Reports: ND652648-ND6: Solvation Dynamics in Ionic Liquids

Steven A. Corcelli, University of Notre Dame

Ionic liquid (IL) research was initiated in my laboratory with generous seed-funding from the New Directions program of the American Chemical Society Petroleum Research Fund (ACS PRF #52648-ND6, "Solvation Dynamics in Ionic Liquids," 9/1/2012 – 8/31/2015). Thus far, the support has resulted in two publications whose results I will briefly summarize.1,2 The first paper sought to determine the molecular mechanism responsible for solvation dynamics in the imidazolium-based IL, [emim][BF4].1 Solvation responses in ILs occur over seven decades in time (from ~10 fs to ~10 ns) and with complex kinetic profiles.3 My laboratory computed the solvation response from a ~5 μs MD simulation of coumarin 153 (C153) in [emim][BF4] over the full range of time scales accessed in the experiments. The solvation response of C153 in [emim][BF4] compared favorably with experiment. An analysis of the structure of the IL in the vicinity of the C153 dye revealed preferential solvation by the [emim] cations. Despite this observation, decomposition of the solvation response into components from translational and rotational motions of the anions and cations revealed that translations of the [BF4] anions were the dominant contributor to solvation dynamics. The kinetics for the translation of the [BF4] anions into and out of the first solvation shell of the dye were found to mimic the kinetic profile of the solvation dynamics response. Following our initial study, we have confirmed that the solvation dynamics mechanism applies to five other imidazolium-based ILs, and we have established that the linear response approximation is valid over the full range of solvation dynamics time scales. Papers on these topics are presently in preparation.

My laboratory has also investigated the dynamics and vibrational spectroscopy of dilute HOD in [bmim][PF6].2 Recently, Fayer and coworkers found that the linear IR absorption spectrum of the OD stretch of HOD is blue-shifted by 168 cm-1 and is just 21 cm-1 wide in [bmim][PF6] compared to 170 cm-1 in H2O.4 In addition, rotational anisotropy and 2D IR measurements revealed that the reorientation and spectral diffusion dynamics of OD stretch of HOD is dramatically slowed in the IL.4 Our approach, which combined MD simulations of dilute HOD in [bmim][PF6] with the spectroscopic maps developed by Lin, Auer, and Skinner for the OD stretch of HOD in electrolyte solutions,5 was able to capture the experimental observations. For example, our calculation of the linear IR absorption spectrum of the OD stretch of HOD in liquid water and in the IL is shown in Figure 6. The calculated spectrum is blue-shifted by 164 cm-1 and is 20 cm-1 wide in the IL, in excellent agreement with experiment. The calculations also captured the dramatic slowing of the timescales for spectral diffusion and reorientation of the OD stretch of HOD in the IL compared to in water. Analysis of the calculated spectral diffusion revealed that the frequency fluctuation dynamics is dominated by the translational motions of the [PF6] anions relative to the OD reporter.

References

1. Z. L. Terranova and S. A. Corcelli, "On the mechanism of solvation dynamics in imidazolium-based ionic liquids" J. Phys. Chem. B 117, 15659 (2013).

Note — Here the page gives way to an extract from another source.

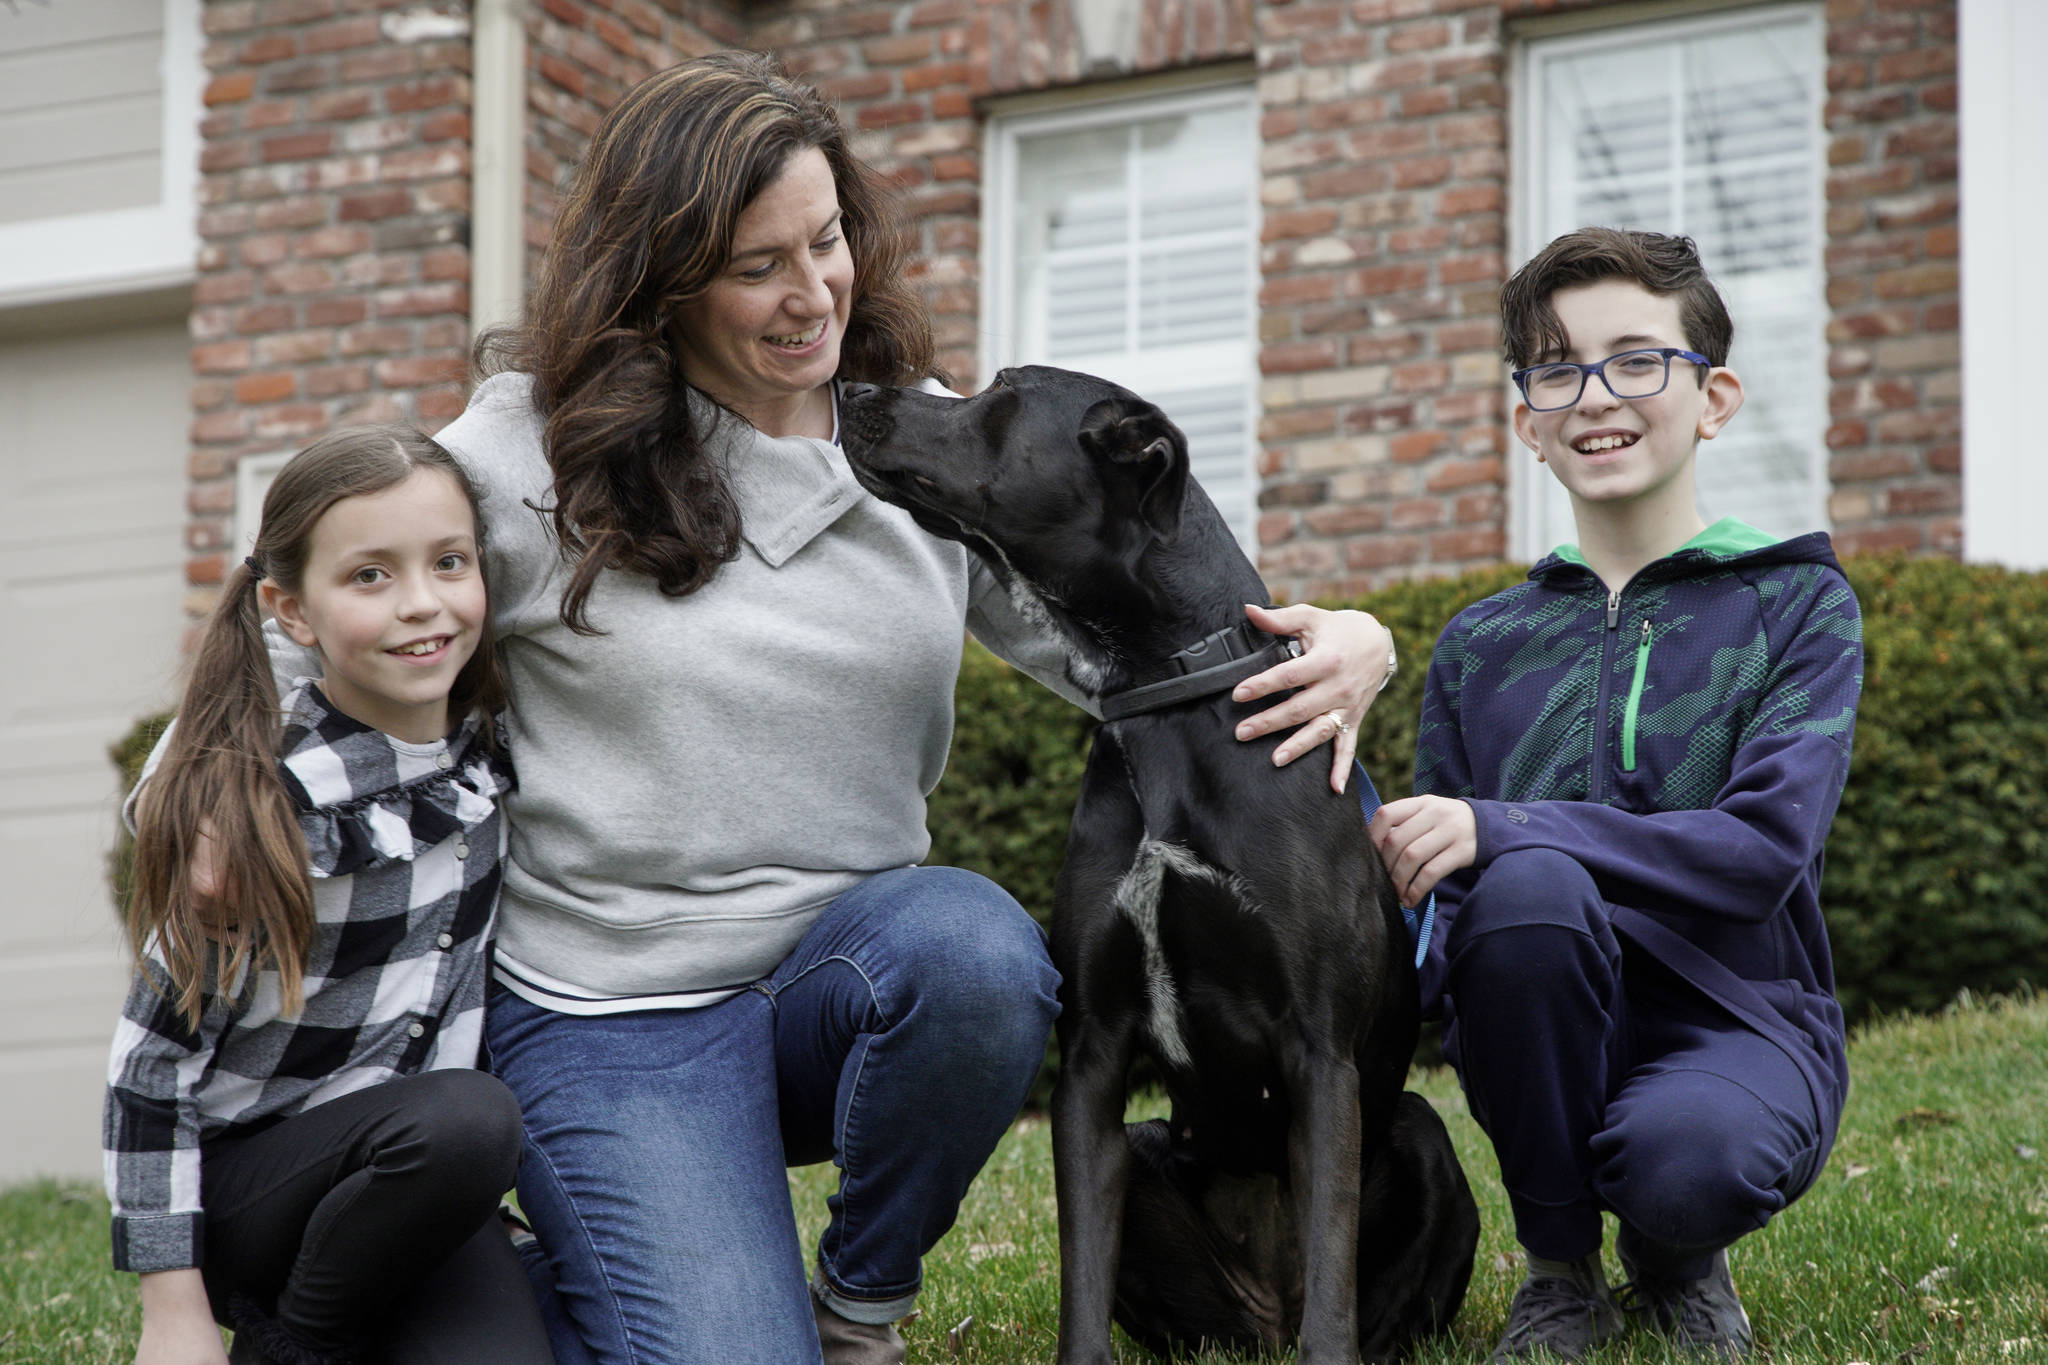 In this March 27, 2020 photo, Kim Simeon and children Annabel, 9, and Brennan, 11, pose for a photo with Nala, a dog they are fostering, in Omaha, Neb. The Simeon family was headed home to Omaha from a much-needed Smoky Mountains vacation when Kim Simeon spotted a social media post from the Nebraska Humane Society, pleading with people to consider fostering a pet. (AP Photo/Nati Harnik)

2. Z. L. Terranova and S. A. Corcelli, "Molecular dynamics investigation of the vibrational spectroscopy of isolated water in an ionic liquid" J. Phys. Chem. B 118, 8264 (2014).

3. X. X. Zhang, M. Liang, N. P. Ernsting, and M. Maroncelli, "Complete solvation response of coumarin 153 in ionic liquids" J. Phys. Chem. B 117, 4291 (2013).

4. D. B. Wong, C. H. Giammanco, E. E. Fenn, and M. D. Fayer, "Dynamics of isolated water molecules in a sea of ions in a room temperature ionic liquid" J. Phys. Chem. B 117, 623 (2013).

5. Y. S. Lin, B. M. Auer, and J. L. Skinner, "Water structure, dynamics, and vibrational spectroscopy in sodium bromide solutions" J. Chem. Phys. 131, 144511 (2009).